---------- Data extract ----------

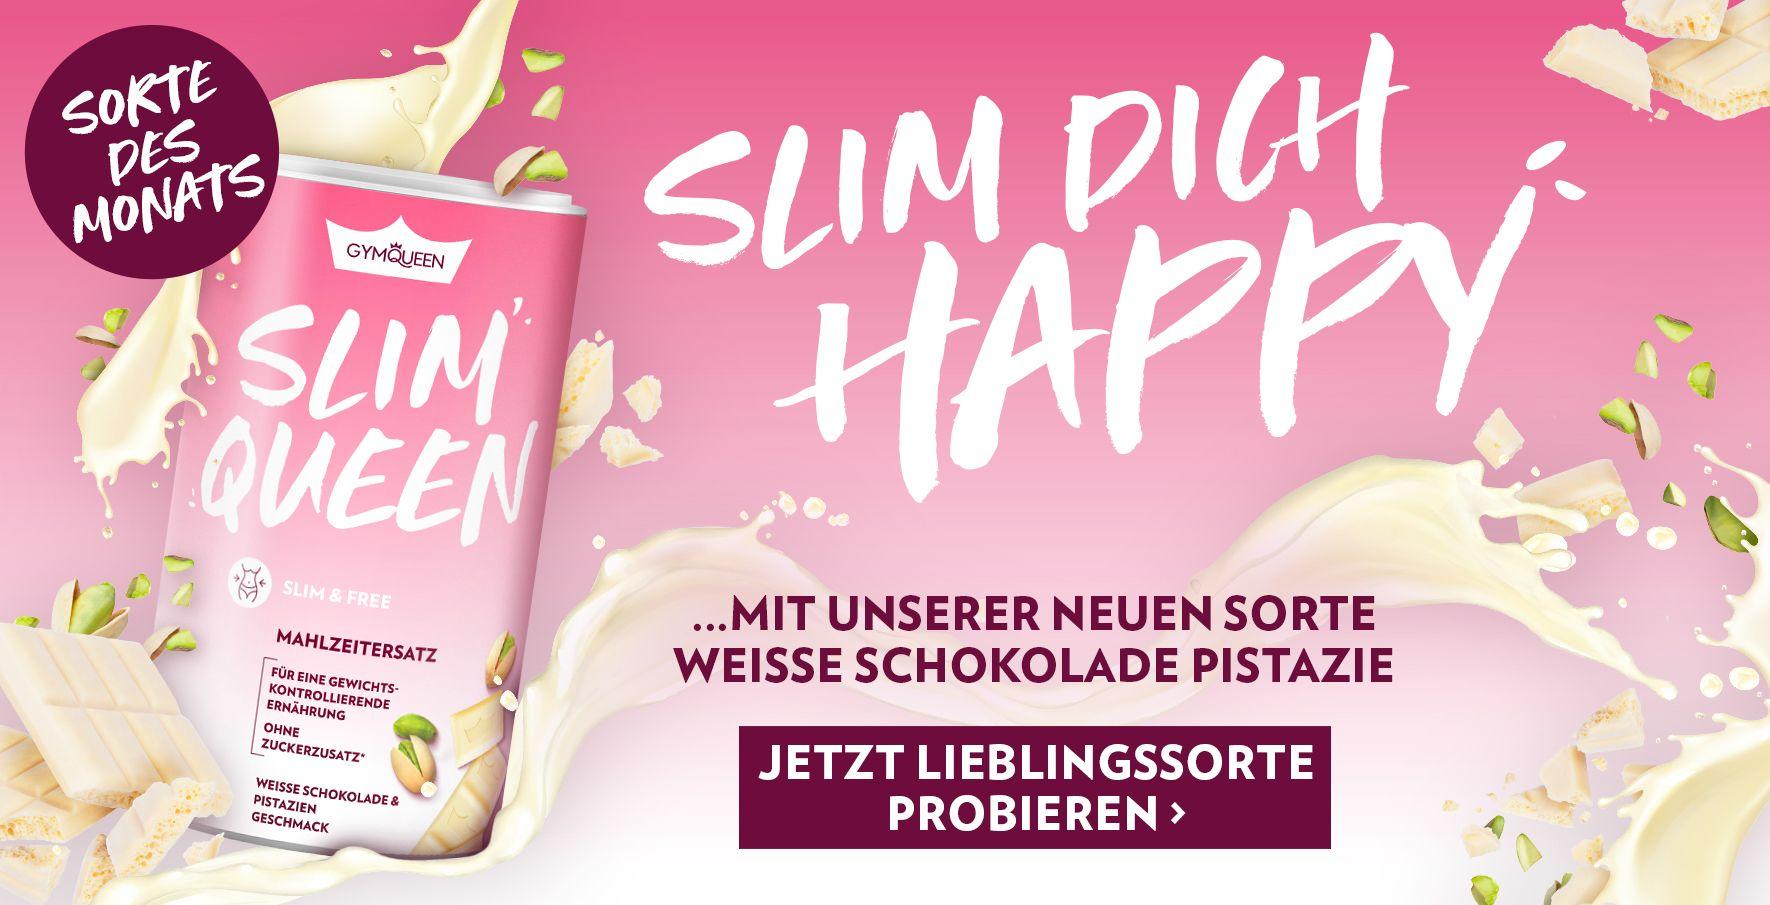 Slim Queen - die Sorte des Monats: Weiße Schokolade Pistazie - So macht Abnehmen Spaß!
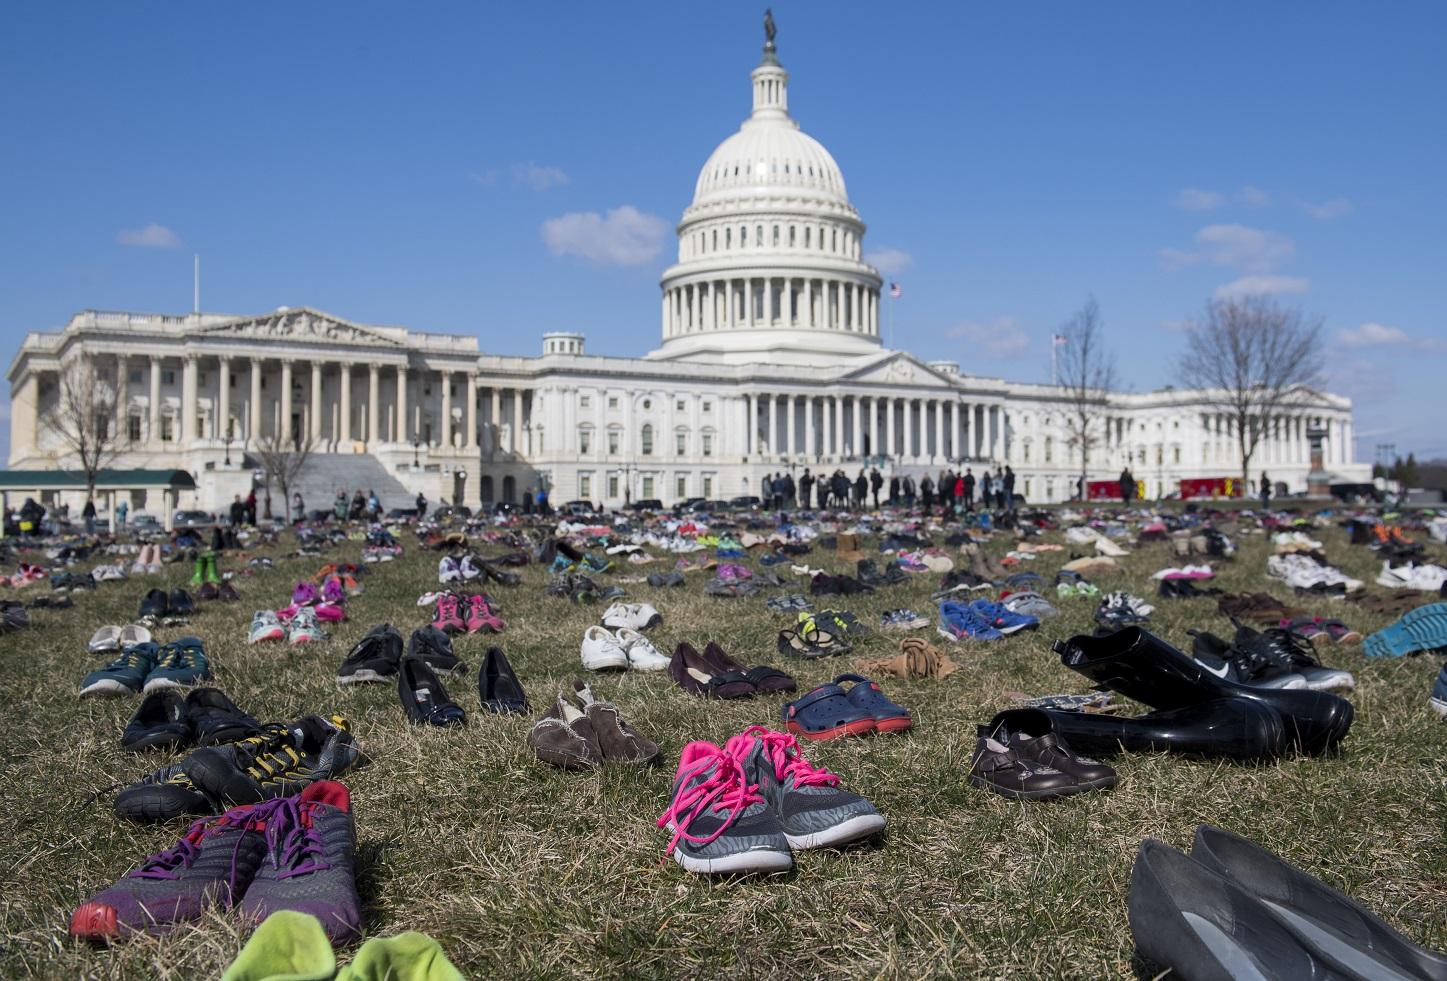 Em um protesto em frente ao Capitólio, em Washington, sete mil pares de calçados lembram as crianças mortas por arma de fogo no país. Foto Saul Loeb/AFP
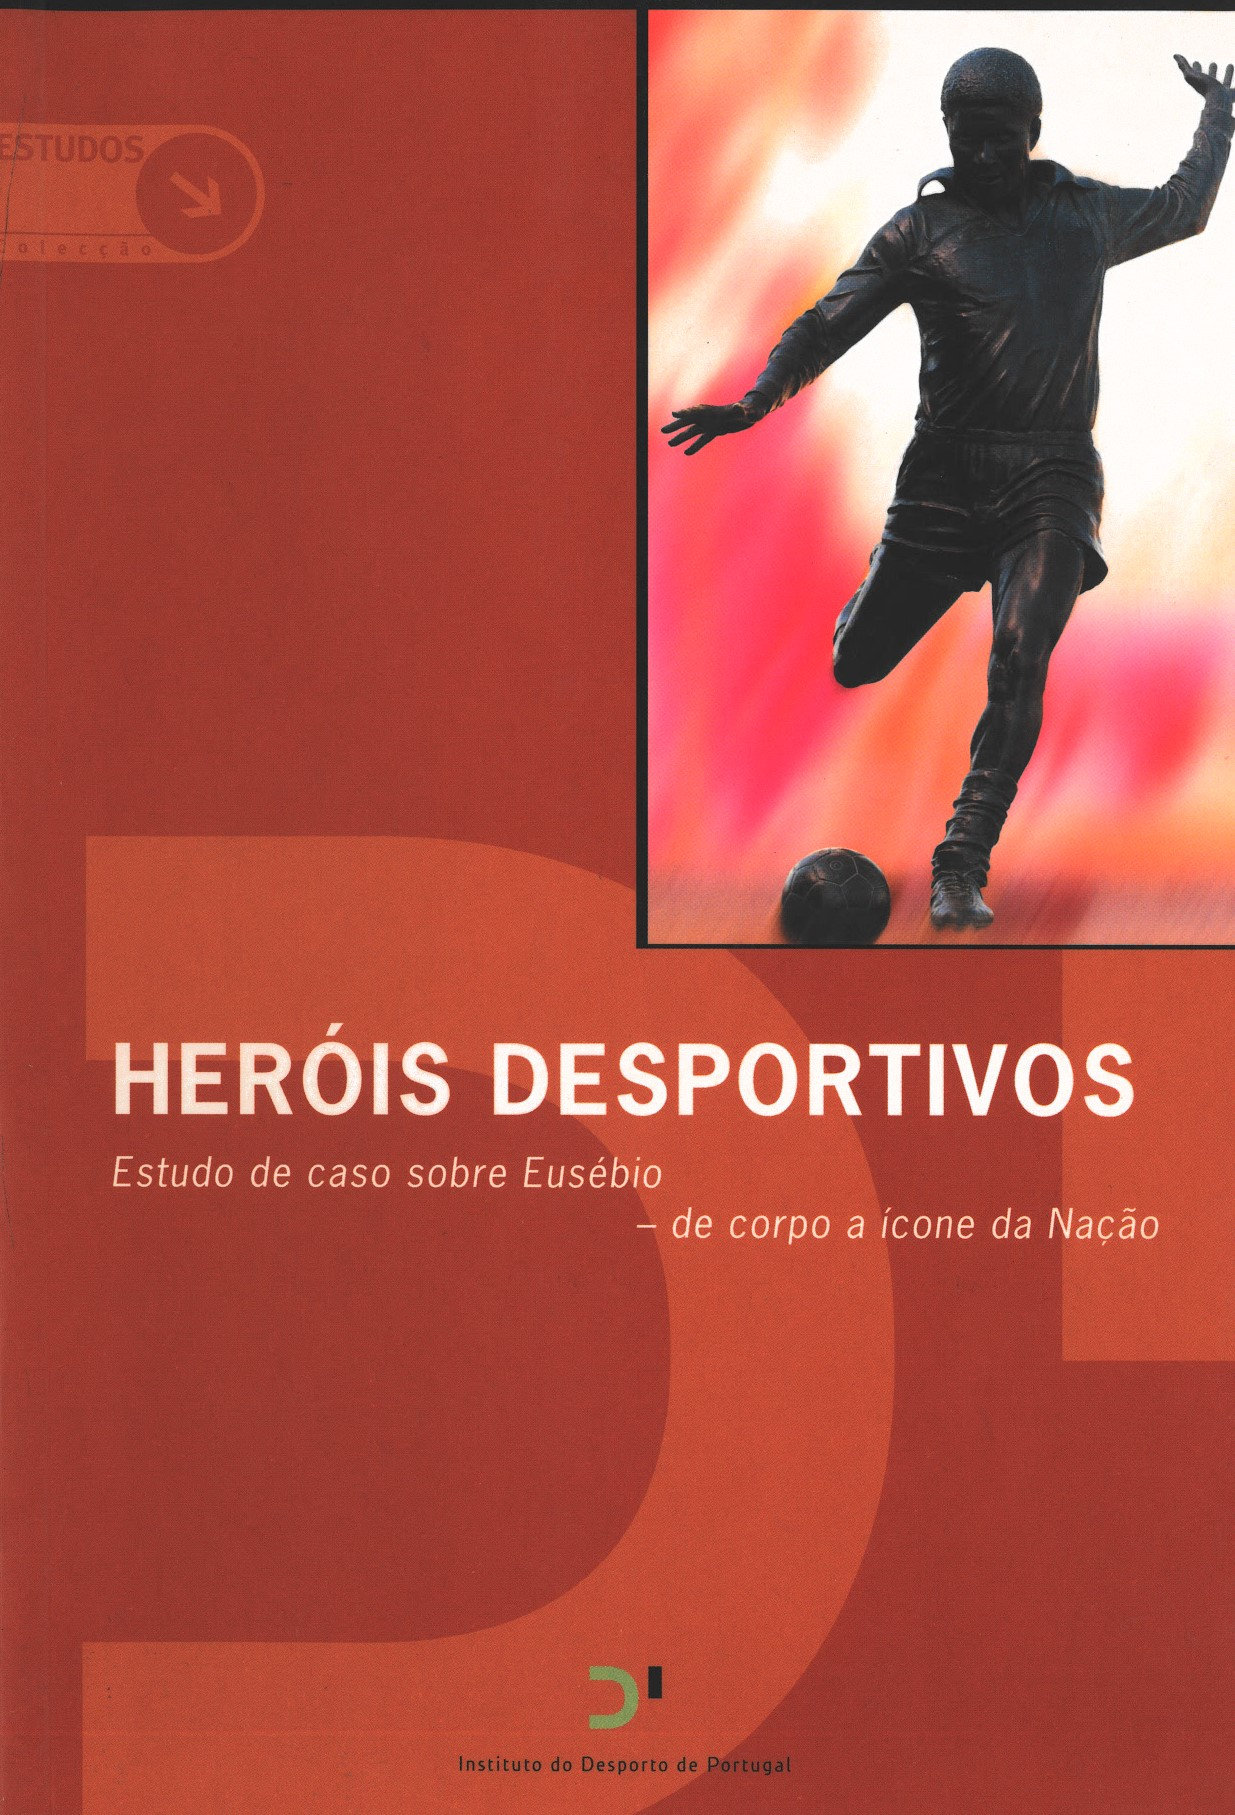 Heróis Desportivos de Corpo a Ícone da Nação - Estudo de Caso Sobre Eusébio

----------

## What is required
Please set the data above down exactly, with the pictures removed.

## Answer to this problem
 Slim Queen - die Sorte des Monats: Weiße Schokolade Pistazie - So macht Abnehmen Spaß!
 Em um protesto em frente ao Capitólio, em Washington, sete mil pares de calçados lembram as crianças mortas por arma de fogo no país. Foto Saul Loeb/AFP
 Heróis Desportivos de Corpo a Ícone da Nação - Estudo de Caso Sobre Eusébio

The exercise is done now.